Not so for Quine. He has little truck with the notion of an analysis. (If we could analyze logical consequence, we would have an instance of synonymy, which he famously decries.) As a pragmatist, the important question for him is, “What well-behaved definition will suit us best for our purposes?” And if our purposes keep us well within the limited class of languages for which an EQ result holds, then this tells us that, if the model-theoretic account works for our purposes, so does the substitutional.
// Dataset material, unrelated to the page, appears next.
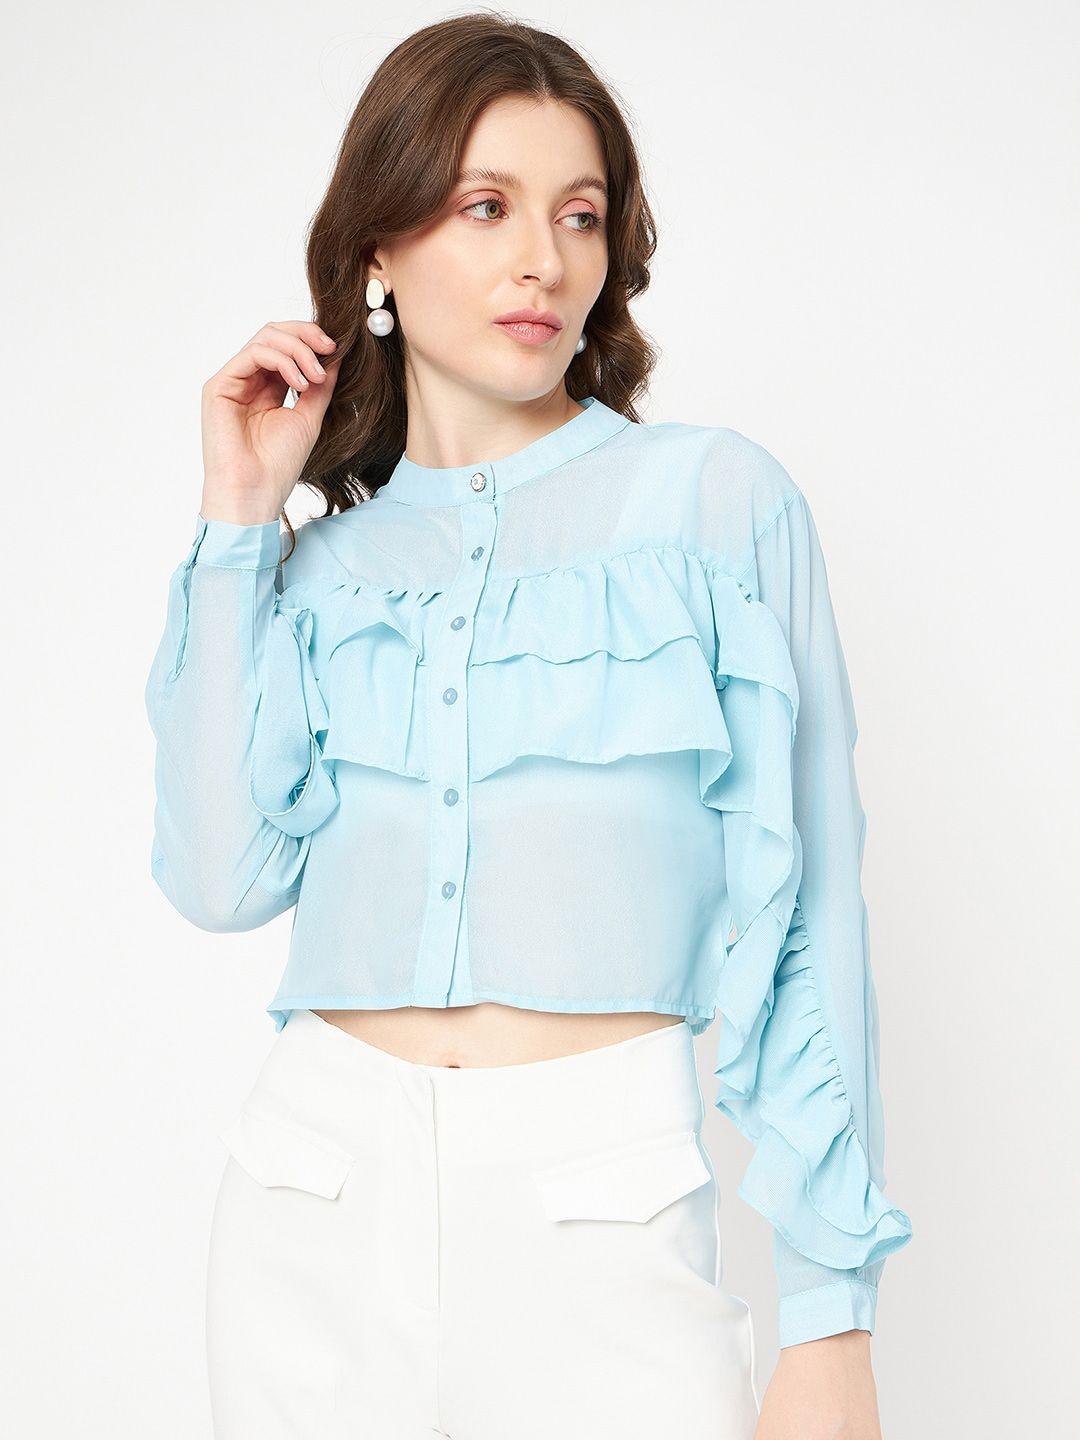 madame blue mandarin collar shirt style crop top
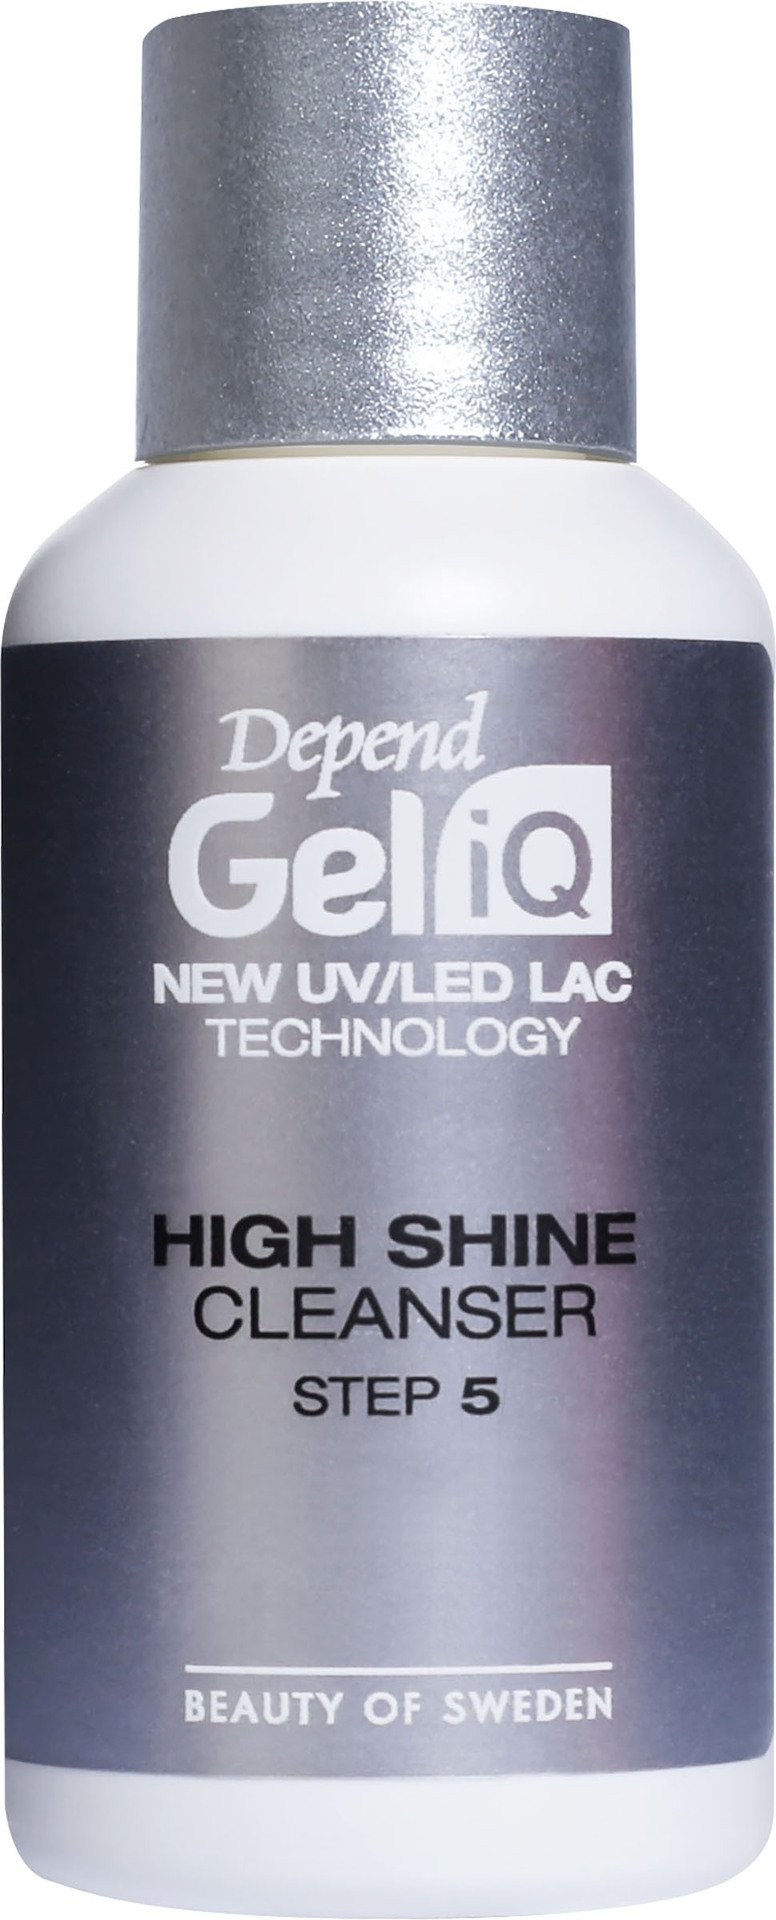 Depend Gel iQ High Shine Cleans Steg 5 35ml

For Quine, though, the result also goes two steps deeper. For one thing, Quine thinks there are reasons to use the substitutional account when we can for — unlike the model-theoretic one — we don’t have to deploy sets for the substitutional account. The objection here isn’t the “there are no sets, so let’s be substitutionalists” one — Quine eventually accepted sets, after all, thinking them indispensable to science — but rather that we should do as much as we can with as little as we can get away with, so if we’re not forced to, we should avoid appealing to them in our definition of logical consequence.

Second, and in Boolos’s eyes most important, Quine thinks the EQ results give an argument for identifying “logic” with first-order logic. (There is, I think, a real issue as to just what this identification means — both for us and for Quine — but set that aside.) We choose a logic just as we choose other theories: by seeing which does best at the various theoretical virtues. Since the EQ result, as well as completeness, apply only to first-order theories, only if logic is first-order can we collapse proof-theoretic, model-theoretic, and substitutional accounts of consequence. Quine sees this as a virtue, and thus grist for his “logic-is-first-order” mill.

Section 2: Reconciliation

Ok, next: resolving the last post’s puzzle. There, we saw that a counting sentence like

(E2) $\exists x\exists y(x \ne y)$

will count as a substitutional, but not a model-theoretic, truth, and thus threaten a counterexample to (EQ-R). How is Quine not worried about this? The answer comes a few pages after his argument, where we learn “Truths of identity theory [such as $\forall x(x=x)$] do not count as logical truths under the contemplated definitions of logical truth, since they are falsifiable by substituting other predicates for $=$.” (p. 61). Quine does not think that all substitution schemes take (E2) to (E2), for — unlike what Etchemendy assumed — he does not reckon the identity predicate one of the logical constants.

That answers one side of the problem. But in standard textbook model-theoretic treatments of first-order logic with identity, $\forall x(x=x)$ does come out true on all models. If this is not to be a further counterexample to EQ-R, Quine had better have a not-quite-so textbook model theory. And indeed he does. How his differs from the textbook depends on just what the textbook says.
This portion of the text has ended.